Stripper age minimum stays 18

Image
Body

Sen. Ronnie Johns, R-Lake Charles, moved his Senate Bill 144, through the Senate Judiciary Committee Tuesday aims to protect young women from human trafficking by prohibiting strippers under the age of 18, three years younger than what he wanted.
The tweaks, authored by Sen. J.P. Morrell, D-New Orleans, amended the original bill’s most significant premise: raising the minimum age of dancers at strip clubs and similar venues to 21. Morrell’s amendment, which was supported by every committee member but Johns, took the age back to the original 18-and-up.
The committee was unanimous in its decision to send the amended bill to the full Senate for debate.
Morrell argued that sex trafficking does not specifically affect people age 18 to 21, but all people. He said his amendment seeks to protect everyone, not just the youngest sect.
Morrell’s amendment, to which only Johns objected to on final vote, also establishes human trafficking education training program created by Alcohol and Tobacco Control and implemented by the adult entertainment venue, which encompasses all types of organizations, including strip clubs, truck stops and adult stores.

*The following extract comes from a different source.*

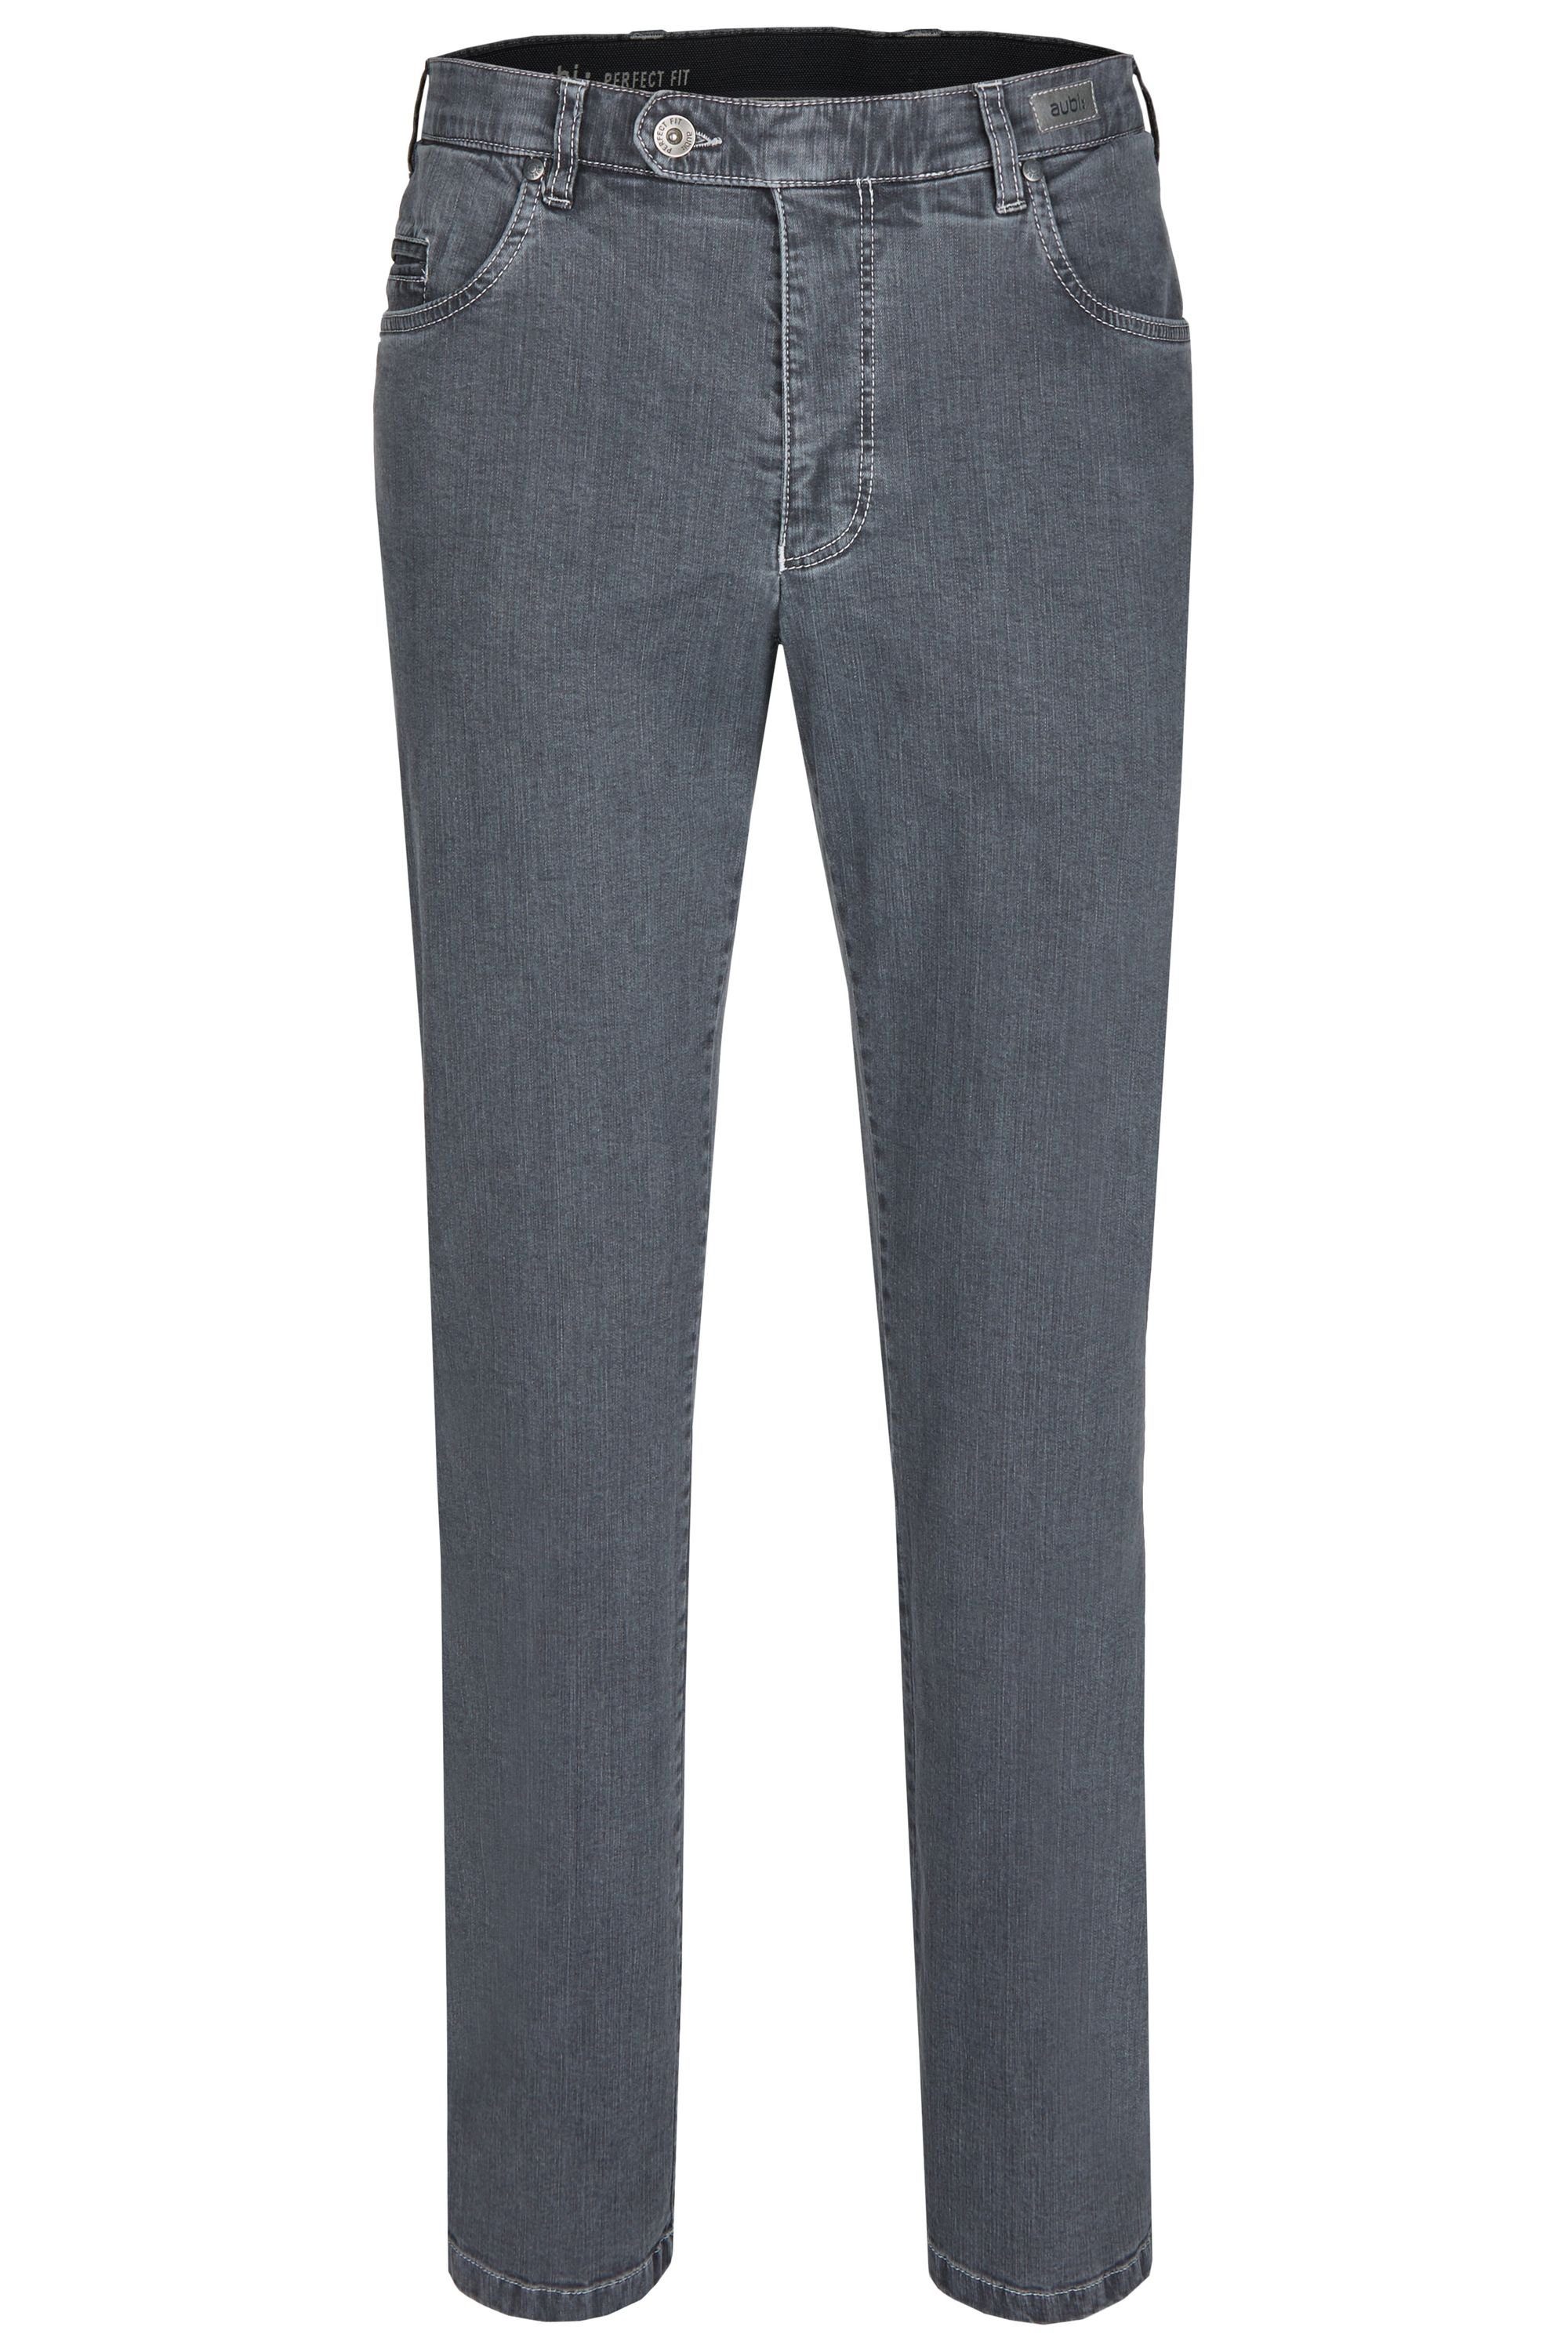 aubi: Bequeme Jeans aubi Perfect Fit Herren Ganzjahres Jeans Hose Stretch aus Baumwolle High Flex Modell 577 grey (54)

The amendment also restricts alcohol and beverage licenses to venues that fail to comply with the provisions. Morrell said the purpose of this was to hold all involved accountable, not just those who are under-aged.
“If there’s no alcohol at a lot of these venues, then these venues cease to exist,” Morrell said.
Johns’ Senate Bill 90, which last year passed without dissent through the House and Senate into law, only raised the age the stripper age to 21. A U.S. federal judge ruled that the original language was vague and overbroad, but did not reference the minimum age requirement of 21 as an issue.
After the committee adjourned, New Orleans Councilmember Kristin Gisleson Palmer called Morrell’s amendment “bullshit.”
“If they were genuinely concerned, they would do the amendments but keep it at 21,” Gisleson Palmer said. She said mandating the age to 21 is easier to enforce, and Morrell’s provision changes nothing.
“All it’s doing is making all the senators feel better for voting against the 21 [mandate] because the strip club industry was scared this would set a precedent that would go nationwide to change all ages to 21 [and reduce revenues]...They don’t genuinely care.”
Gisleson Palmer, who grew up in New Orleans, testified before the committee with the story of her identical twin sisters, one of which began stripping at age 19 and fell subject to depression and a vicious cycle of drugs, alcohol and sexual abuse.
Eventually, despite countless efforts and searches on Bourbon Street by Gisleson Palmer and her seven other siblings, both twins committed suicide within a year and a half of one another.
“There is no doubt in my mind that [my sister’s] stripping was a major contributing factor to her death,” Gisleson Palmer told the committee.
“No one under 21 can drink alcohol or go into these establishments,” Gisleson Palmer told the committee. “Why should they be allowed to strip there?” Gisleson Palmer noted current workers are hired as independent contractors, not employees with benefits or hourly wage.
Assistant Attorney General Emily Andrews reminded the committee that the judge ruled the act vague and overbroad because it could apply to theatrical performances, such as ballets or burlesque shows, where there would be semi-nude young women and alcohol beverages would be served. SB144 was amended to exempt such performances.
Undercover law enforcement found drug dealing and prostitution in 24 Louisiana strip clubs in October 2015. The U.S. Department of Justice reported in 2016 that human trafficking victims are often forced and coerced to perform commercial sex acts in strip clubs and massage parlors.
Jim Kelly, executive director of Covenant House in New Orleans, said 70 percent of the 90 human trafficking victims his organization has treated in the past 12 months were from Louisiana.
Of those victims, Kelly said, 55 percent of their female victim survivors have a history of dancing in clubs, while 98 percent had danced in a club before age 21. Kelly also said 94 percent of those survivors were first trafficked before they were 21. Nearly all of those victims had a previous history of sexual abuse, assault and rape, and nearly all suffer from trauma.
Alexander Lutnick, senior assistant at RTI International, which conducts research on human trafficking, also said many cases that Johns’ bill seeks to eliminate stem from a young woman’s intimate partner coercing her to dance at the clubs. Lutnick said the provisions should be expanded to include young adult men, as well as other labor sectors beyond strip clubs.
The lone woman on the committee, Sen. Karen Carter Peterson, D-New Orleans, said she would like to see hard data from those both for and against the 18-and-up provision.
Johns, who left the meeting disappointed, said he “really likes” parts of Morrell’s amendment, but it undermines his original intent. “It’s baby steps.”